Programming Languages – look how far we’ve come!

by @edent | # #

Back in the 1980s, when my family first got a micro-computer, there were only limited ways to program your machine. The Internet was basically non-existent for domestic users. You could buy thick computer manuals, swap cassettes with other enthusiasts, or build a light pen and point it at a flashing square on your TV (Really!)

Or, you could go down to your local newsagent, buy a magazine, and laboriously hand-type in a code listing. Sometimes, they would look like this:

Dense blocks of Machine Code printed in a magazine.

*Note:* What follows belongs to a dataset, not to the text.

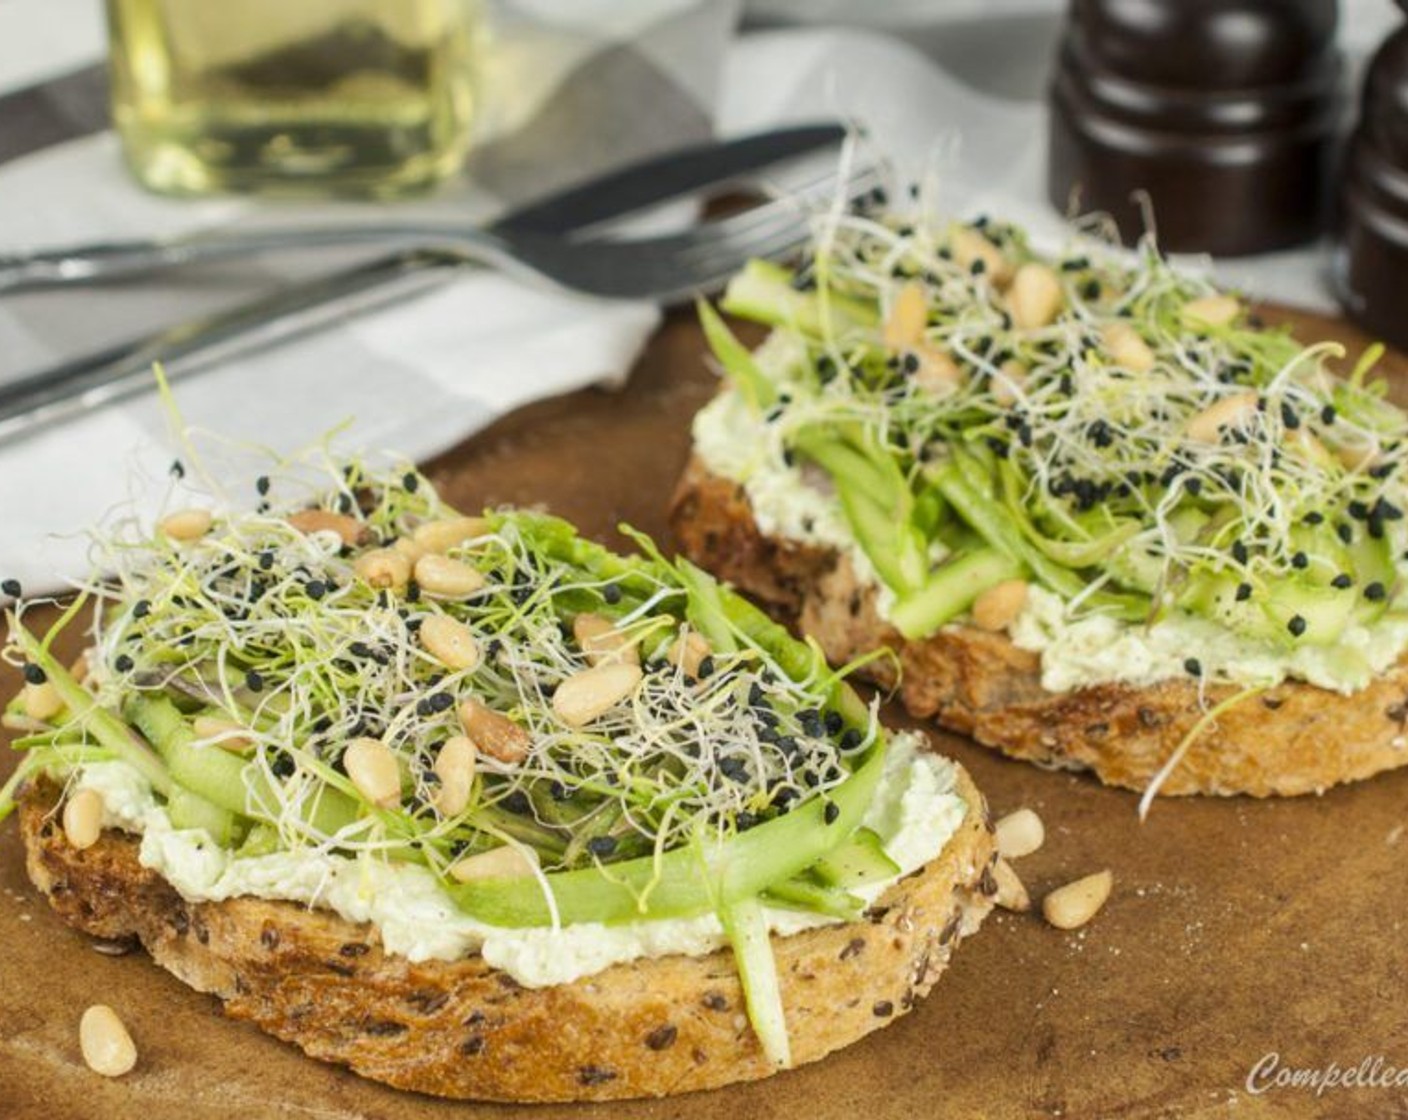 step 8 For each piece of bread, spread with a generous 2 tbsp of cheese spread, top with 1/4 cup of asparagus, top with Alfalfa Sprouts (to taste) and Pine Nuts (1/4 cup). Add Freshly Ground Black Pepper (to taste) if desired and serve immediately, enjoy!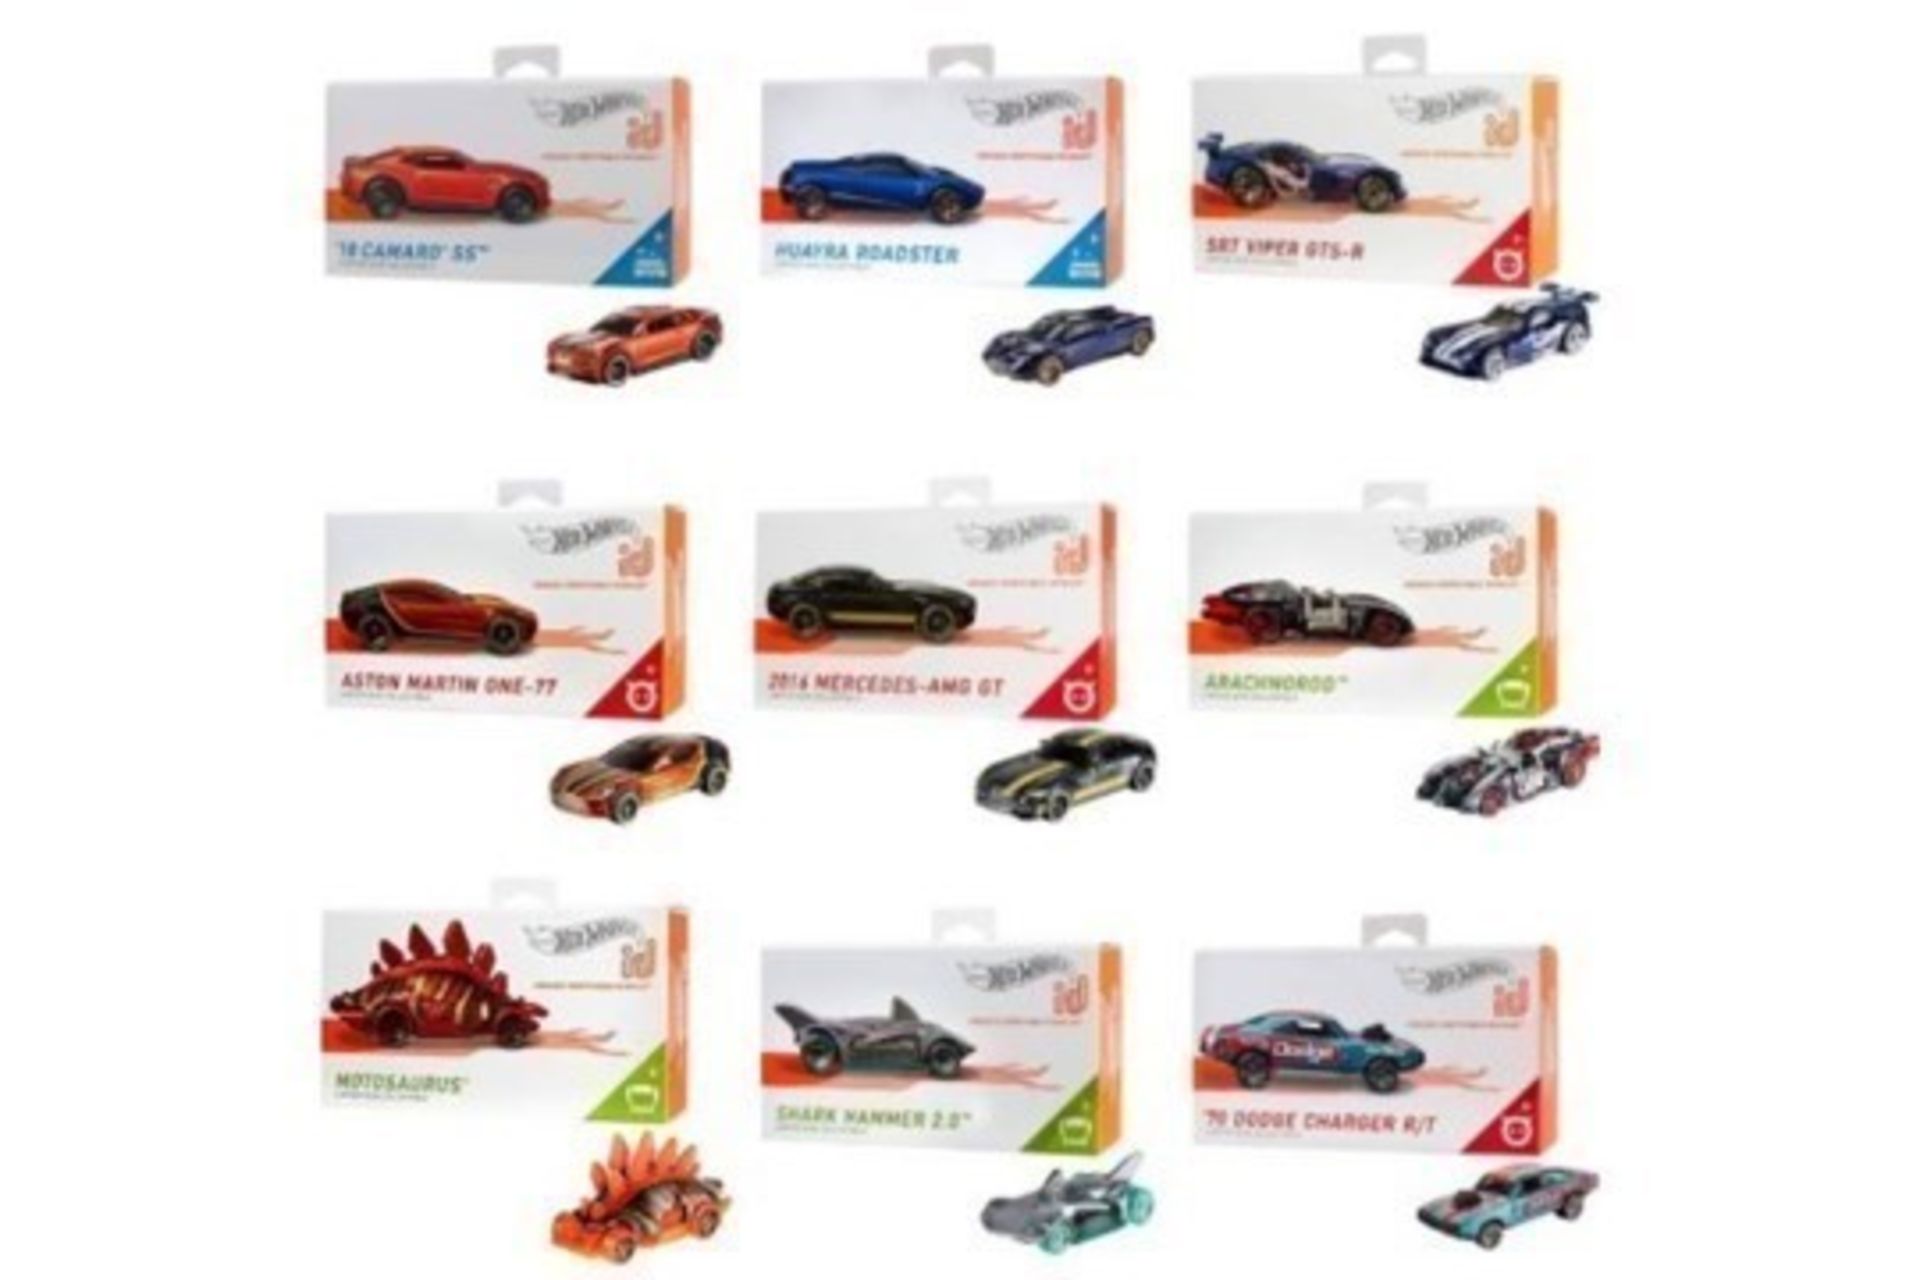 Hot Wheels Uniquely Identifiable Track Vehicles Co

Yikes! Ah, but they were simpler days…

I recently rediscovered an old issue of a British microcomputer magazine called “Input”. It contained code listings for several popular machines. Here’s a sample:

Code Listing in a Magazine.

See those little icons beside each code listing? Here’s what they meant:

List of computers.

Thirteen different computers with seven different programming languages. They share some common syntax, but not much. The commands are terse and unintuitive. But are things any better today?

A properly written Python3 program will run on Windows, Mac, and Linux – whether it’s an expensive desktop or a pocket-money Raspberry Pi.

Or you can write in Go, Java, PHP, Haskell, Ruby, JavaScript – and many others that I’m not cool enough to know.

I know why we have different programming languages – but it sometimes seems that we’re making life unnecessarily hard for ourselves.